Device assignment does not work in PyTorch #131

edknv · 2023-04-12T15:10:38Z

As of 12372f4, device assignment in the PyTorch dataloader does not work correctly with multiple GPUs.

import os
import pandas as pd

from merlin.dataloader.torch import Loader
from merlin.io.dataset import Dataset


dataset = Dataset(pd.DataFrame({"a": list(range(10))}))
dataset = dataset.repartition(npartitions=2)

rank = int(os.environ["LOCAL_RANK"])

with Loader(
    dataset,
    batch_size=1,
    global_rank=rank,
    global_size=2,
    device=rank,
) as loader:
    for idx, batch in enumerate(loader):
        x, y = batch
        device = x["a"].device
        print(f"rank: {rank}, device: {device}")

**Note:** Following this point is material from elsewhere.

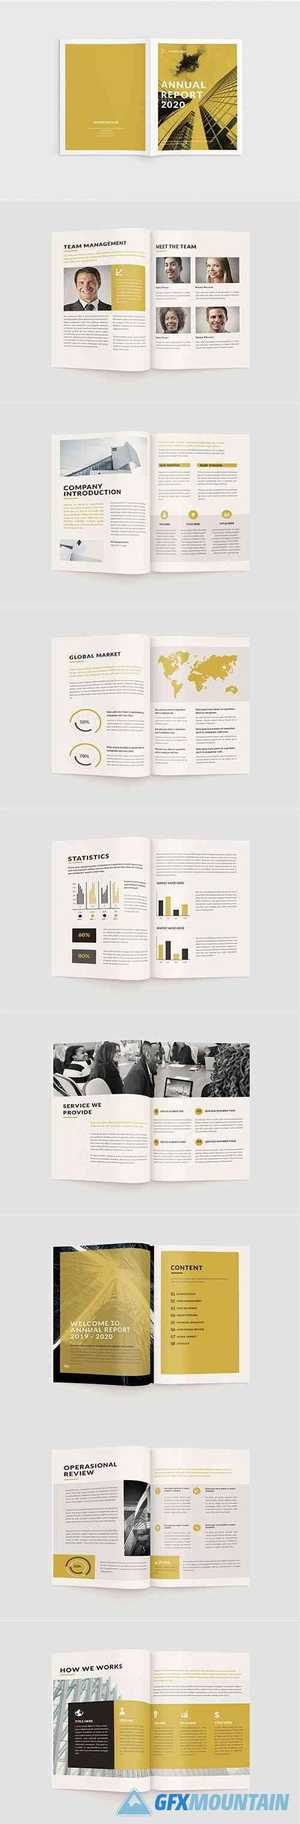 Yellow Annual Report 2020
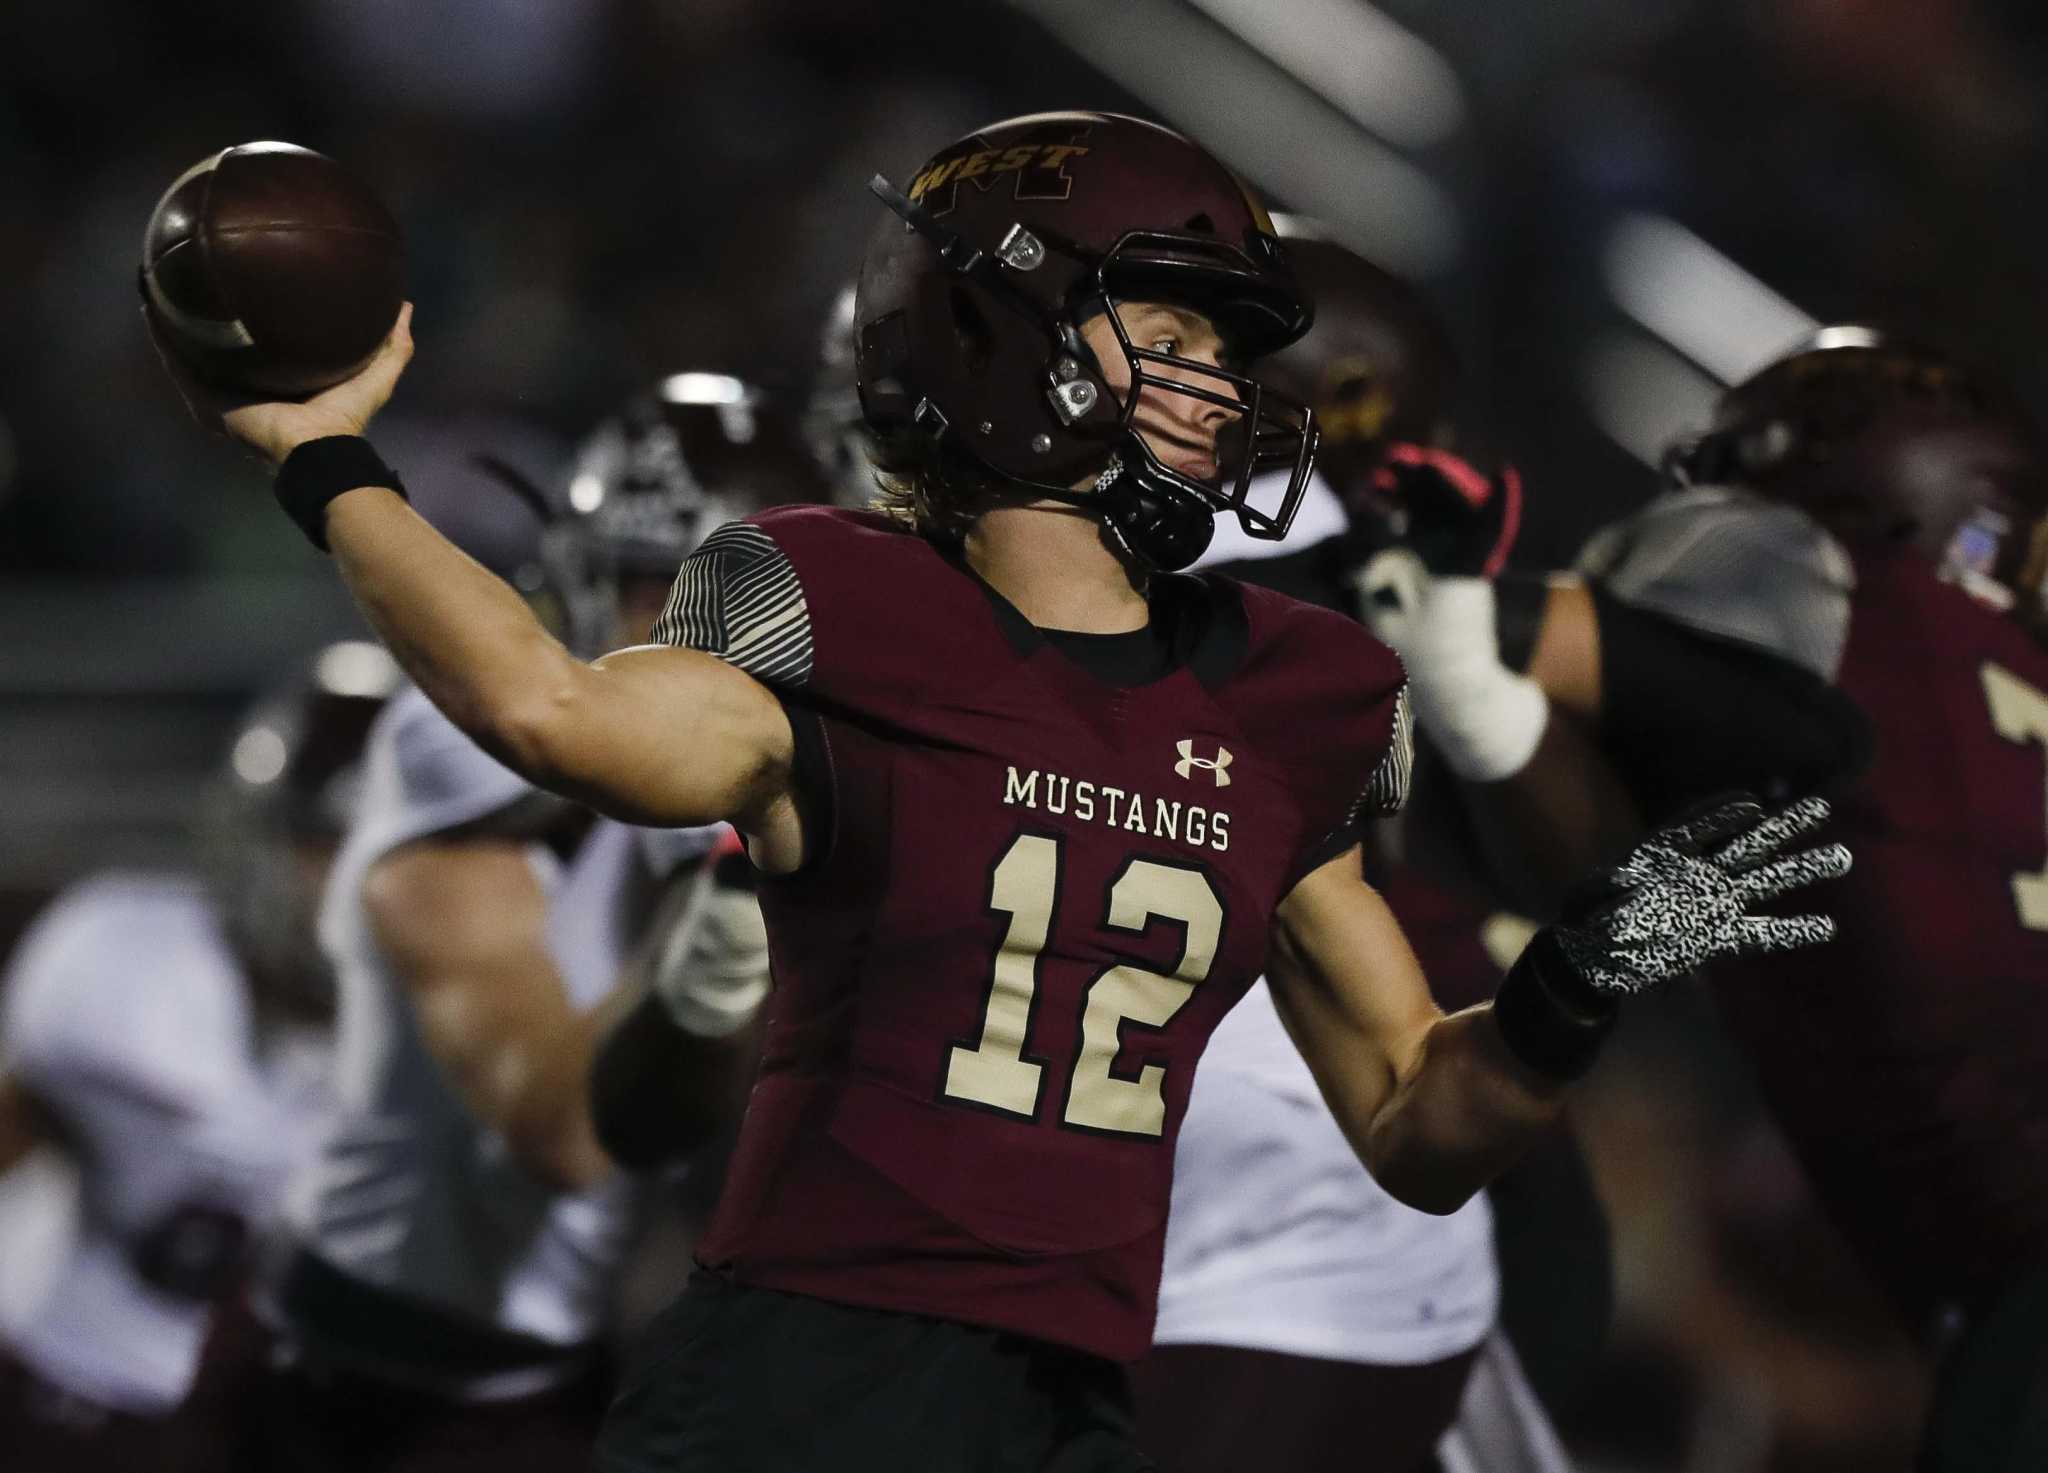 FOOTBALL Magnolia West aims for return to playoffs under McGehee

When I run the above, I get:

root@ba87ba84045a:/dataloader# torchrun --nproc_per_node=2 test_torch_multi_gpu.py 
WARNING:torch.distributed.run:
*****************************************
Setting OMP_NUM_THREADS environment variable for each process to be 1 in default, to avoid your system being overloaded, please further tune the variable for optimal performance in your application as needed. 
*****************************************
/usr/local/lib/python3.8/dist-packages/merlin/dtypes/mappings/tf.py:52: UserWarning: Tensorflow dtype mappings did not load successfully due to an error: No module named 'tensorflow'
  warn(f"Tensorflow dtype mappings did not load successfully due to an error: {exc.msg}")
/usr/local/lib/python3.8/dist-packages/merlin/dtypes/mappings/tf.py:52: UserWarning: Tensorflow dtype mappings did not load successfully due to an error: No module named 'tensorflow'
  warn(f"Tensorflow dtype mappings did not load successfully due to an error: {exc.msg}")
rank: 0, device: cuda:0
rank: 0, device: cuda:0
rank: 0, device: cuda:0
rank: 0, device: cuda:0
rank: 0, device: cuda:0
rank: 1, device: cuda:0
rank: 1, device: cuda:0
rank: 1, device: cuda:0
rank: 1, device: cuda:0
rank: 1, device: cuda:0

But for rank 1, tensors are expected to be be placed on cuda:1 not cuda:0.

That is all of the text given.